A Colon-Targeted Oral Nanosystem Disrupts the Inflammatory Loop in Enteric Glia to Alleviate Ulcerative Colitis

The gut's inflammation is governed by the enteric nervous system, where enteric glial cells (EGCs) serve as essential intermediaries between the nervous and immune systems. During inflammation, elevated levels of S100 calcium-binding protein B (S100B) from hyperactive EGCs initiate a proinflammatory cascade by inducing the excessive production of reactive oxygen species (ROS) and proinflammatory molecules, including S100B itself, thus establishing a detrimental feedback loop.
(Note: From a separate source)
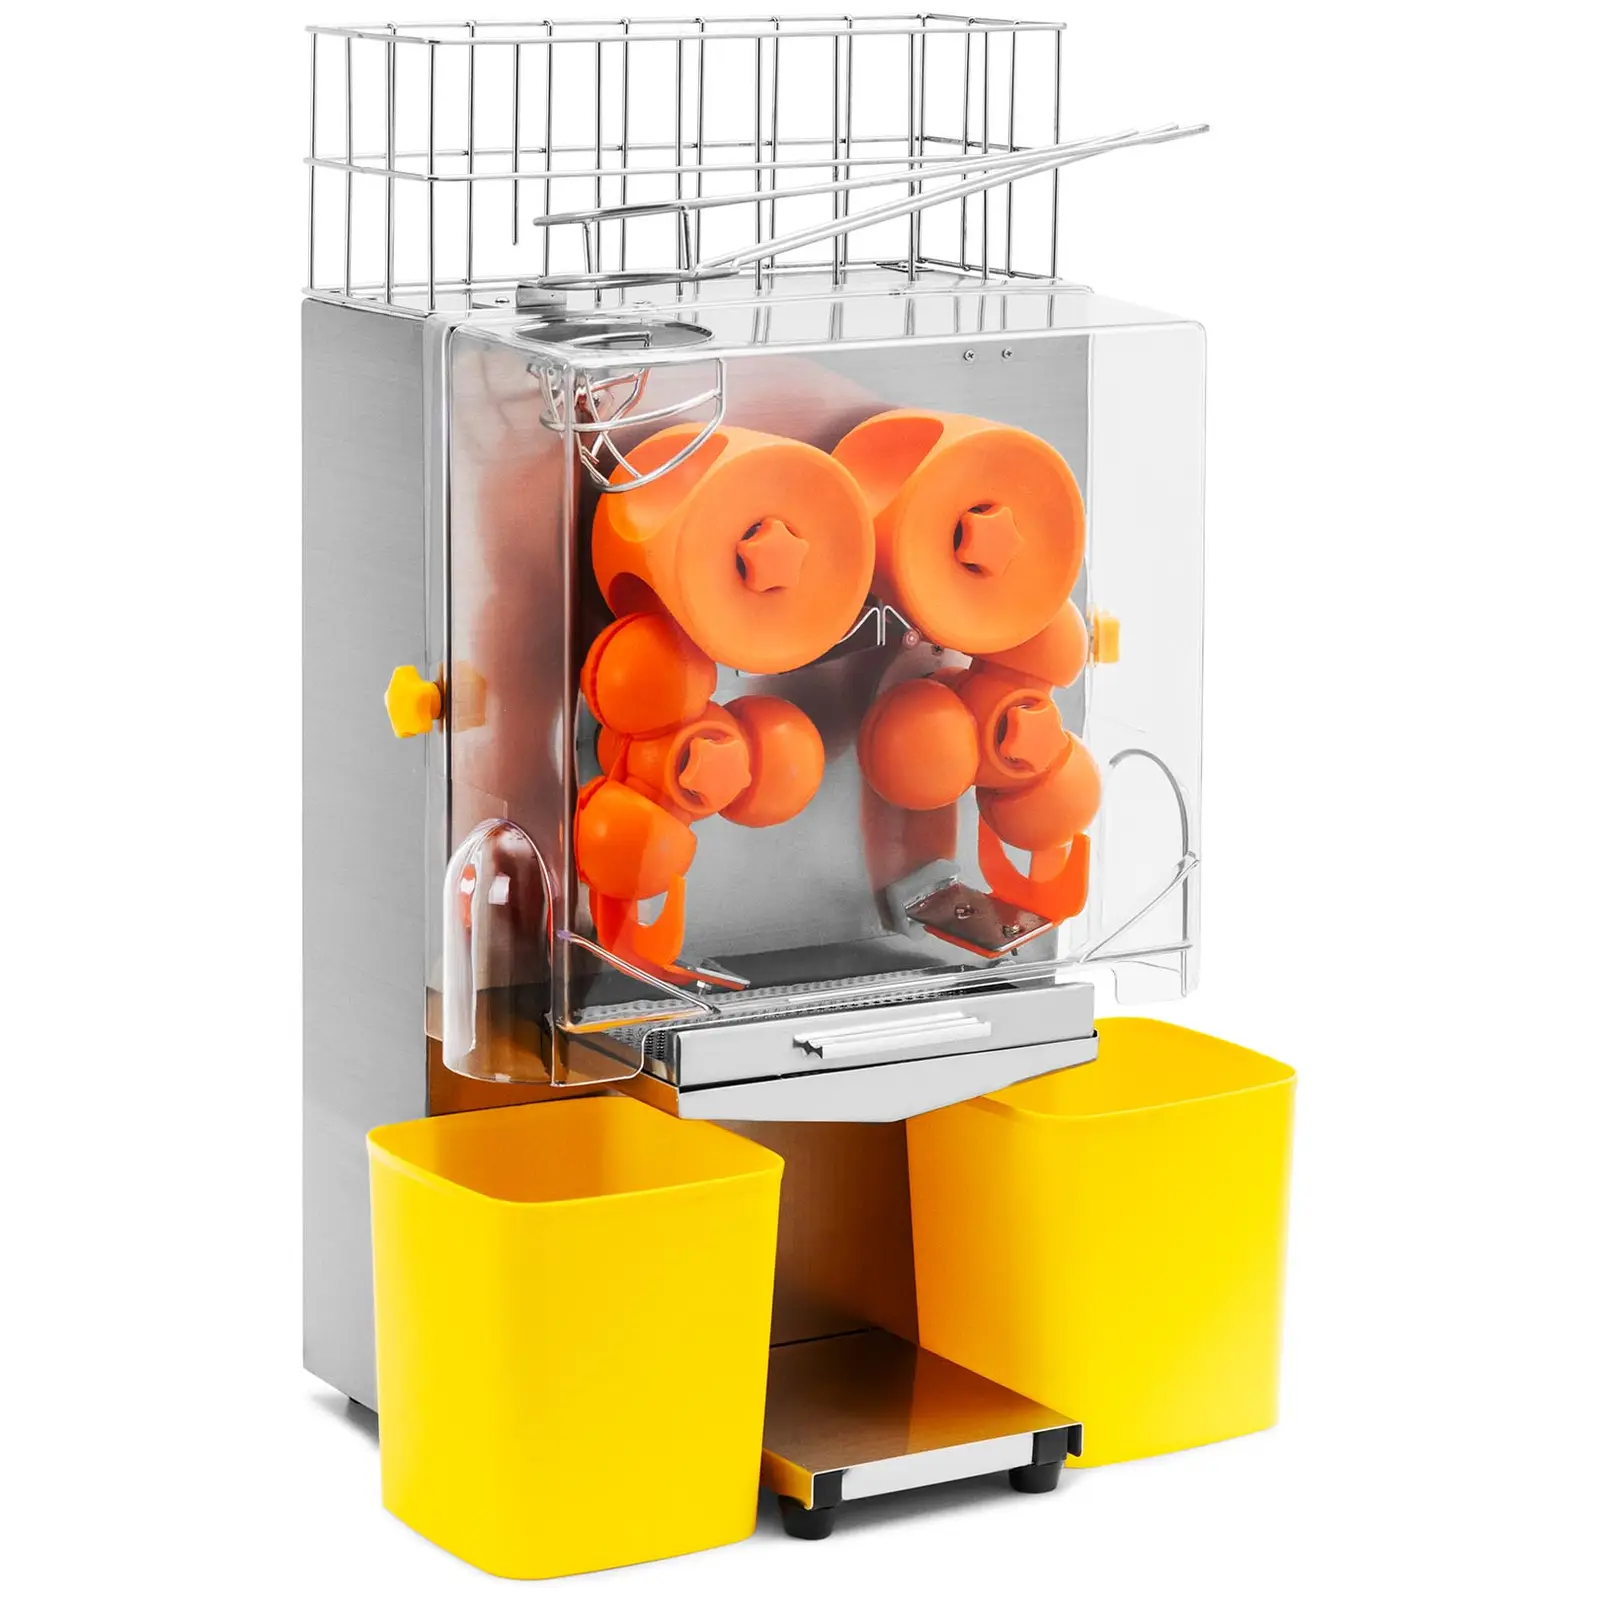 Orange press electric - 120 W - Royal Catering

Herein, we develop a S100B inhibitor pentamidine (PTM)-loaded olsalazine-based nanoneedle, Zn2(Olsa)/PTM, to break this vicious cycle and alleviate ulcerative colitis. Zn2(Olsa)/PTM not only enhances the cytocompatibility of PTM but also reduces the level of excessive production of S100B and ROS in EGCs. To enhance colon-targeted delivery, Zn2(Olsa)/PTM is coated with an enteric polymer Eudragit L100-55 to create ZOP@Eud. The oral administration of ZOP@Eud considerably ameliorates disease severity and restores mucosal barrier integrity and immune homeostasis in a murine ulcerative colitis model, which is evidenced by heightened expression of tight junction proteins and reduced levels of colonic proinflammatory S100B and cytokines. These findings suggest that nanosystems targeting EGCs offer a promising approach for mitigating gut inflammation.